A very contrived example, untested of course, consider it
pseudo-code...

startt = None

def atimer():
global startt
startt = time.time()
time.sleep(5)
print time.time() - startt

t1 = threading.thread(atimer)
t2 = threading.thread(atimer)
t1.start()
t2.start()

Say t1 gets all the way up to the sleep call, and (since sleep is a
releasing call), t2 then starts. t2 changes the value of startt; and
sleeps... both sleep and presuming the resolution is fine enough, t1
resumes, and prints a delta time that is incorrect -- it is printing
the time difference from when t2 started to sleep, not from when t1
started to sleep.
--
Wulfraed Dennis Lee Bieber KD6MOG
HTTP://wlfraed.home.netcom.com/

On Sat, 15 Aug 2009 21:59:09 -0600, John Haggerty <>
declaimed the following in gmane.comp.python.general:

> Interesting so it seems that the compiler(c/c++)interpreter(perl,
> python)/vm(java) doesn't do this?

No language can guard against independent access of a shared/global
object by multiple threads... Look at Java's "synchronized" keyword, for
example.

Though Ada did build tasking and "protected objects" into the
language syntax, rather than making them a library with constraints one
must know of to code against.
--
Wulfraed Dennis Lee Bieber KD6MOG
HTTP://wlfraed.home.netcom.com/

Dennis Lee Bieber <> writes:
> No language can guard against independent access of a shared/global
> object by multiple threads...

Erlang?

> On Sat, Aug 15, 2009 at 10:18 PM, Paul Rubin <http://>
> wrote:
>>
>> Dennis Lee Bieber <> writes:
>> > Â* Â* Â* No language can guard against independent access of a
>> > shared/global
>> > object by multiple threads...
>>
>> Erlang?

On Sun, Aug 16, 2009 at 12:23 AM, John Haggerty<> wrote:
> Erlang I assume is a computer programming language?

http://en.wikipedia.org/wiki/Erlang_...mming_language)
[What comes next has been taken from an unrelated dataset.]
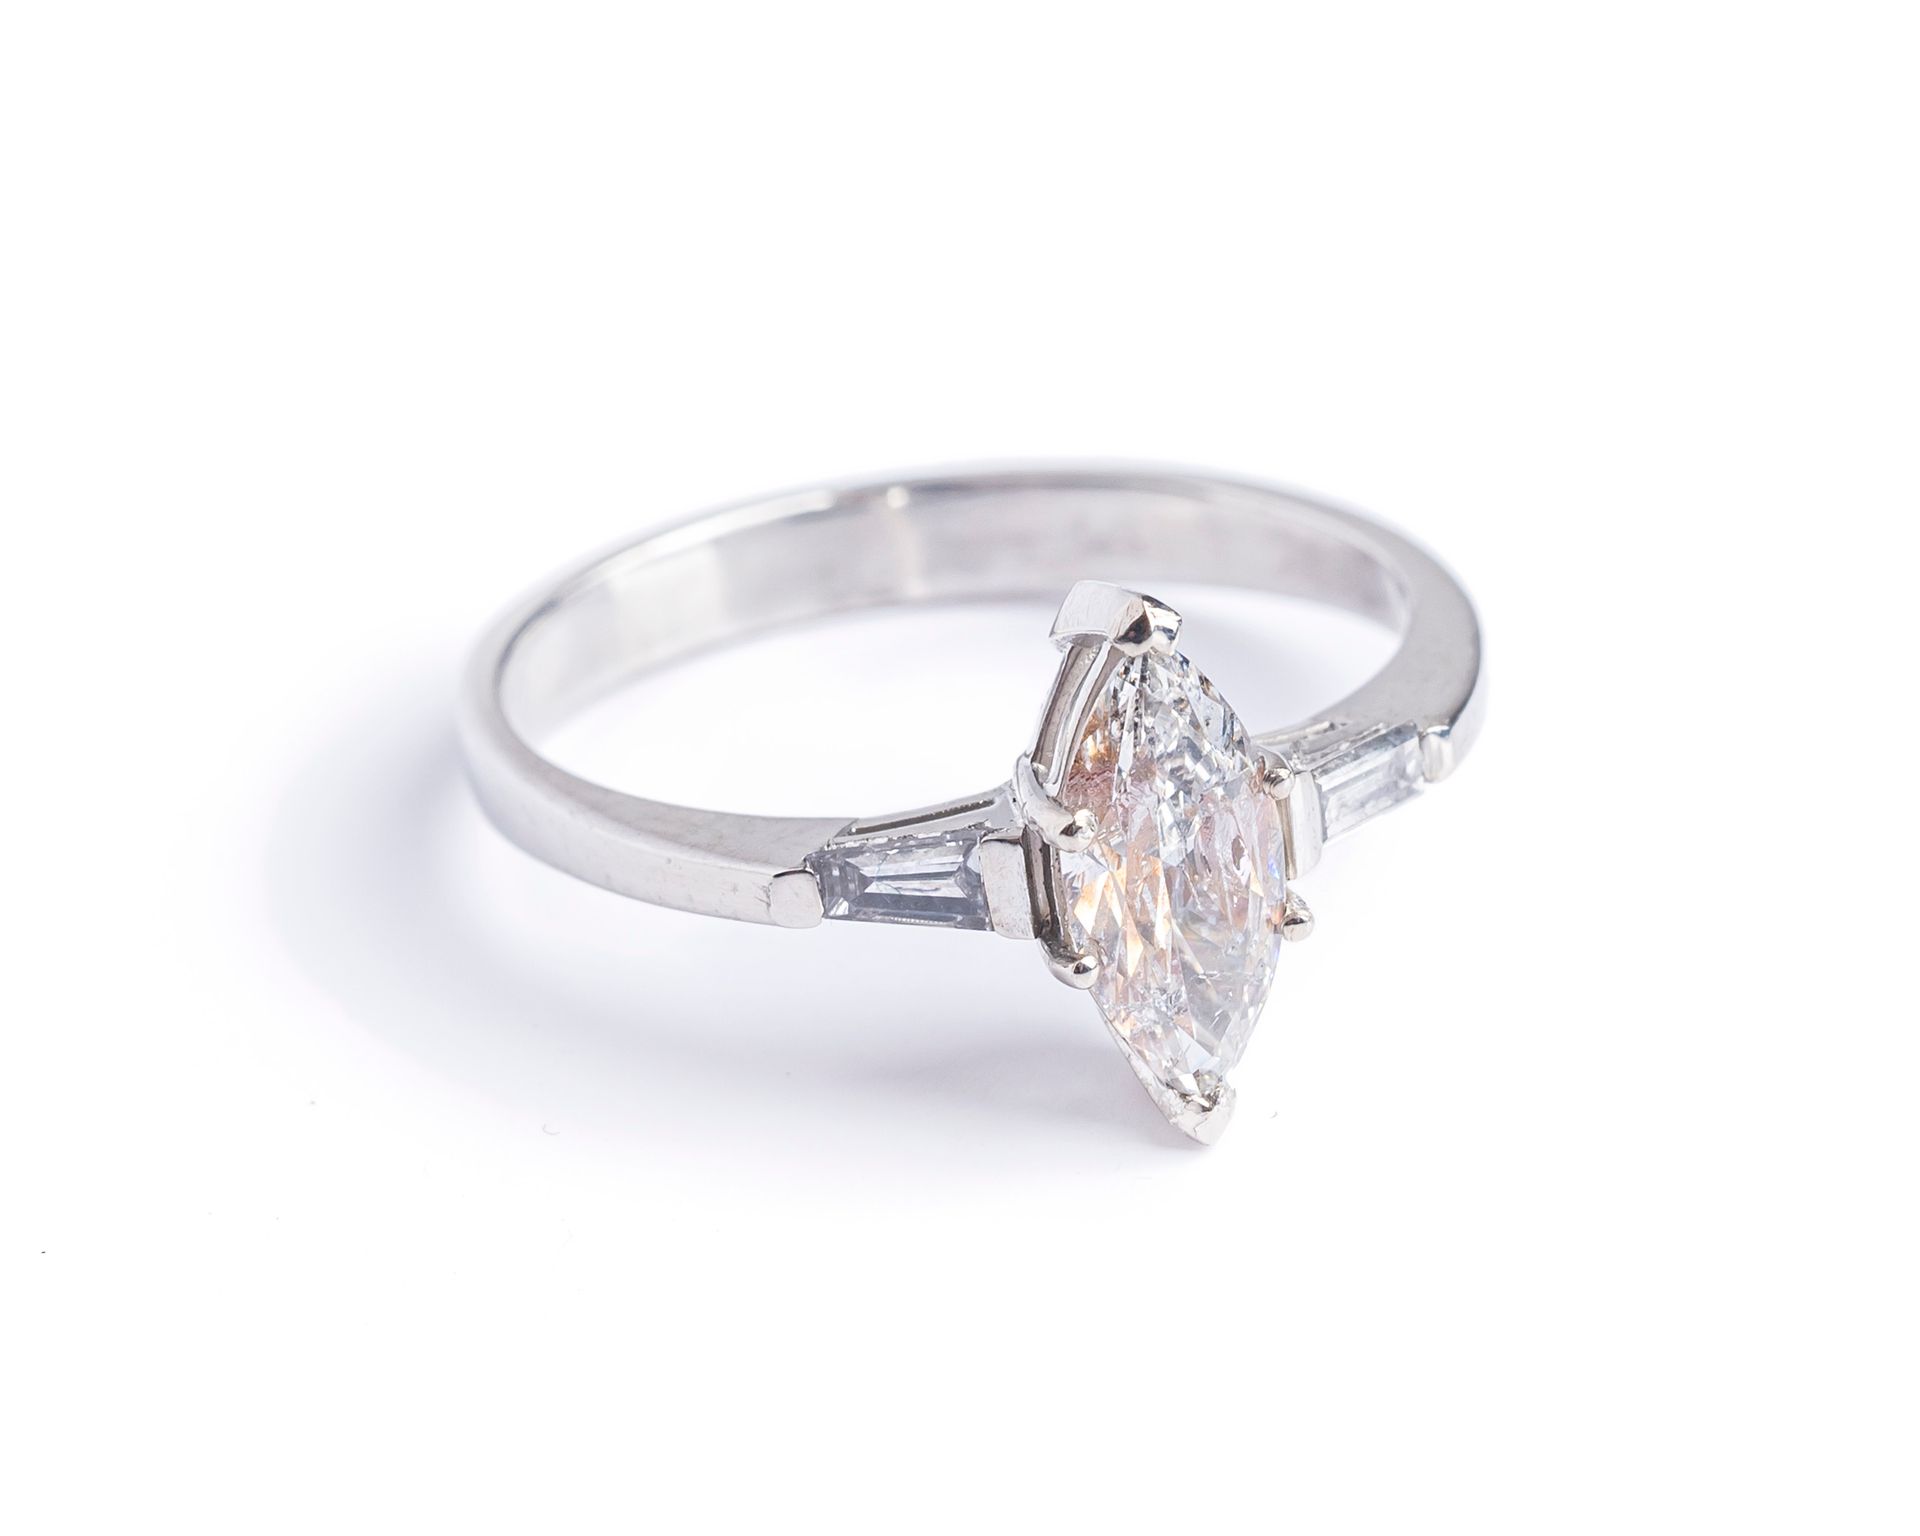 Null Ring in 18K (750 thousandths) white gold, set with a navette-cut diamond of&hellip;

There's a reason Wikipedia has a search function...

Cheers,
Chris
--
http://blog.rebertia.com

John Haggerty wrote:
> On Sat, Aug 15, 2009 at 7:23 PM, Dennis Lee Bieber <>wrote:
>
>
>> On Sat, 15 Aug 2009 14:34:36 -0600, John Haggerty <>
>> declaimed the following in gmane.comp.python.general:
>>
>>
>>> What does the term "thread safe" mean exactly. I never had to program
>>>
>> with
>>
>>> "threads" before
>>>
>> That, part way through the logic of the function, control could be
>> switched to a different thread which call the same function... This
>> second call would change some of the internal values and may then be
>> preempted and control returned to the first thread, which continues the
>> rest of the function with different values then it had when first
>> preempted.
>>
>> A very contrived example, untested of course, consider it
>> pseudo-code...
>>
>> startt = None
>>
>> def atimer():
>> global startt
>> startt = time.time()
>> time.sleep(5)
>> print time.time() - startt
>>
>> t1 = threading.thread(atimer)
>> t2 = threading.thread(atimer)
>> t1.start()
>> t2.start()
>>
>> Say t1 gets all the way up to the sleep call, and (since sleep is a
>> releasing call), t2 then starts. t2 changes the value of startt; and
>> sleeps... both sleep and presuming the resolution is fine enough, t1
>> resumes, and prints a delta time that is incorrect -- it is printing
>> the time difference from when t2 started to sleep, not from when t1
>> started to sleep.
>> --
>> Wulfraed Dennis Lee Bieber KD6MOG
>> HTTP://wlfraed.home.netcom.com/
>>
>> --
>> http://mail.python.org/mailman/listinfo/python-list
>>
>>
>
> Interesting so it seems that the compiler(c/c++)interpreter(perl,
> python)/vm(java) doesn't do this?
>
>
It is impossible for a language, vm, or operating system to avoid
threading problems without the programmer's help, except by trivial
means (eg. preventing you from having them at all).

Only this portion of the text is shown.